The days when Mumbai’s Parsi community dominated a city they helped to build may have faded, but the rise of Cyrus Mistry to the helm of the Tata Group reinforces the clout it wields in some of India’s biggest conglomerates.
Mistry’s selection as chairman-designate of India’s biggest corporate house keeps the group close to the founding Tata family as he is a member through the marriage of his sister. The choice also keeps the business in the hands of the close-knit community which is as old as the city itself.
From shipyards to textile firms, Mumbai’s Parsis, descendants of Persians who first landed in India in the ninth century, led the city’s commercial development from sleepy fishing islands to one of Asia’s business capitals.
Big business houses led by the Tata, Godrej and Wadia families keep that tradition alive today.
“Tata is a Parsi business, and so it is important that someone who grasps the culture of the group is at the top,” said Zubin Karkaria, a Parsi and chief executive officer and managing director of international visa administration firm VFS Global.
Bombay House, the brick colonial building in the heart of south Mumbai where Mistry, 43, will take the reins of the $83 billion Tata empire next December, is the seat of power for a community Parsis say is inseparable from the city’s history.
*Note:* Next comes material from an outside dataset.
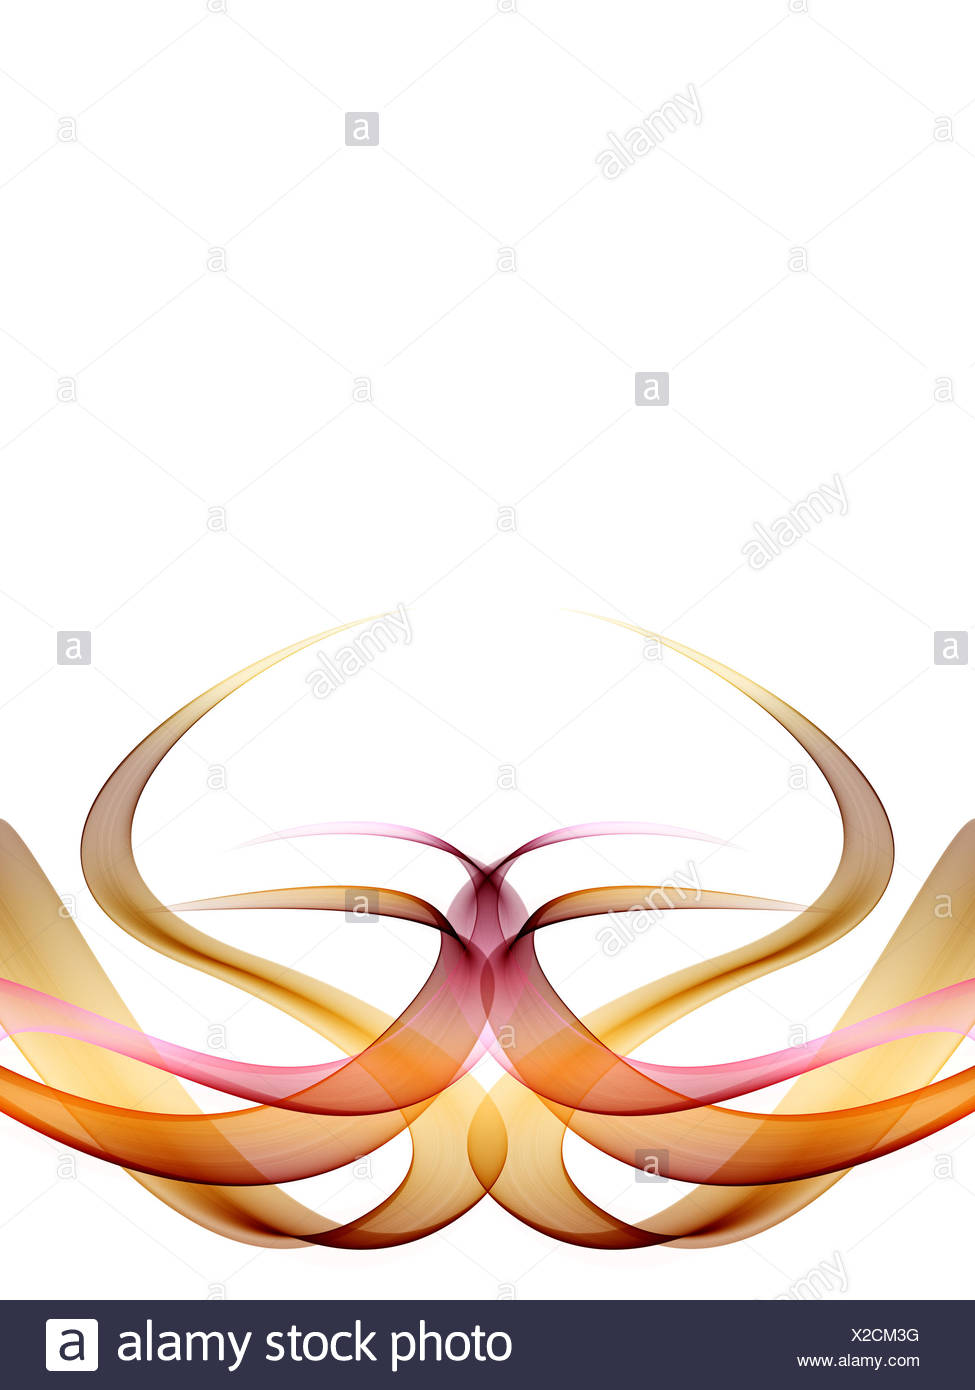 Diseño abstracto de progresión Imagen De Stock
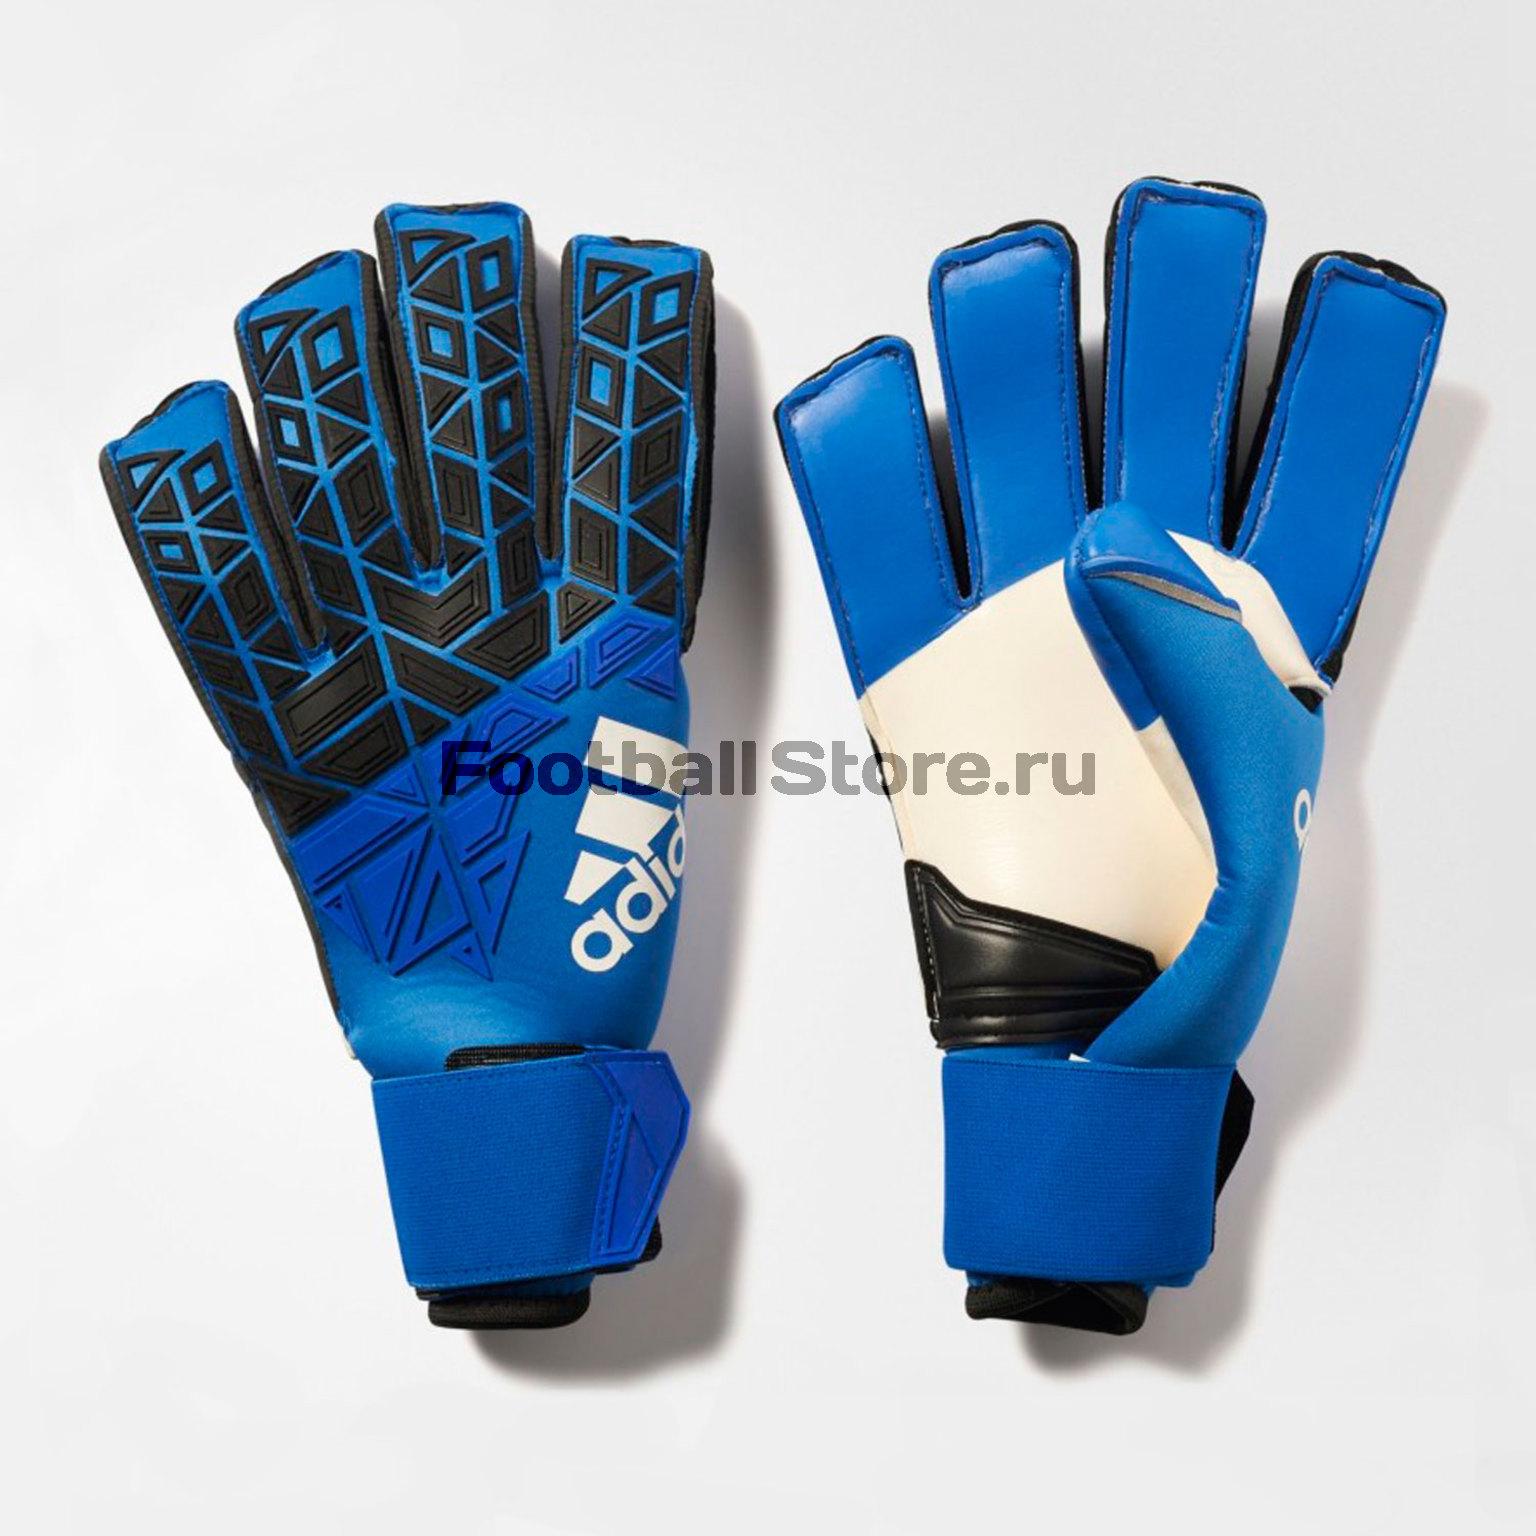 Перчатки вратарские Adidas Ace FS Promo AZ3707 adidas adidas ace 16 1 ct

Mistry is the youngest son of construction magnate Pallonji Mistry, known as “the world’s richest Parsi” with estimated wealth of $8.8 billion, according to Forbes.
Octogenarian Pallonji and the 73-year-old Ratan Tata are stalwarts of business groups that date back more than 140 years, carrying on a legacy of more than 300 years of Parsi-led industrial development in India’s commercial capital.
Other Parsi industrialits such as Adi Godrej, head of the consumer goods and real estate-focused Godrej Group, and textile and property baron Nusli Wadia, ensure their business influence far outstrips their dwindling numbers.
“Parsis really were the pioneers of the Indian industrial movement and have put a lot into the industrial development of the country,” said Shernaaz Engineer, editor of Jam-e-Jamshed, the 179-year-old Parsi newspaper.
Nariman Point, which is losing its stature as the city’s prime business district, is named after the Parsi who built it, while many of Mumbai’s hospitals and colleges bear the names of Parsi merchants who forged the city’s development as a trade hub in the 19th century.
350 YEARS OF HISTORY
The Parsis settled in Mumbai in the 1640s when the city was under Portuguese control, according to the Bombay Parsi Punchayet (BPP), a 330-year-old administrative body.
By the mid 19th-century, Parsi industrialists had launched trading, printing and engineering businesses and in 1854, founded the city’s first commercial bank.
“They have really put a lot into the city,” said Engineer. “Mumbai and the Parsis are absolutely interlinked.”
Surnames like Engineer, or Contractor and their job-specific Indian equivalents are common among the Parsi community.
Today, BPP administers over 4,000 Parsi-only apartments across the city open only to vetted applicants, runs a Parsi-only blood bank and awards scholarships and other financial support to students from the community.
But the group’s numbers are sliding. From 112,000 in 1951, the population of Parsis in India dropped to just under 70,000 in 2001, according to census data. Sociologists say the trend will likely continue.
“The community faces the threat of extinction,” wrote the award-winning Indian screenplay writer Sooni Taraporevala in her 2004 book “Parsis: The Zoroastrians of India”.
“Zoroastrianism is a non-proselytizing religion — there are no converts,” she wrote. “One can only be born into it. Marriage outside the community is not encouraged.”
That has to change, say liberal members of the community, if the it is to survive. Taskforces have been set up to develop strategies to encourage families to have more children, and promote marriages to non-Parsis.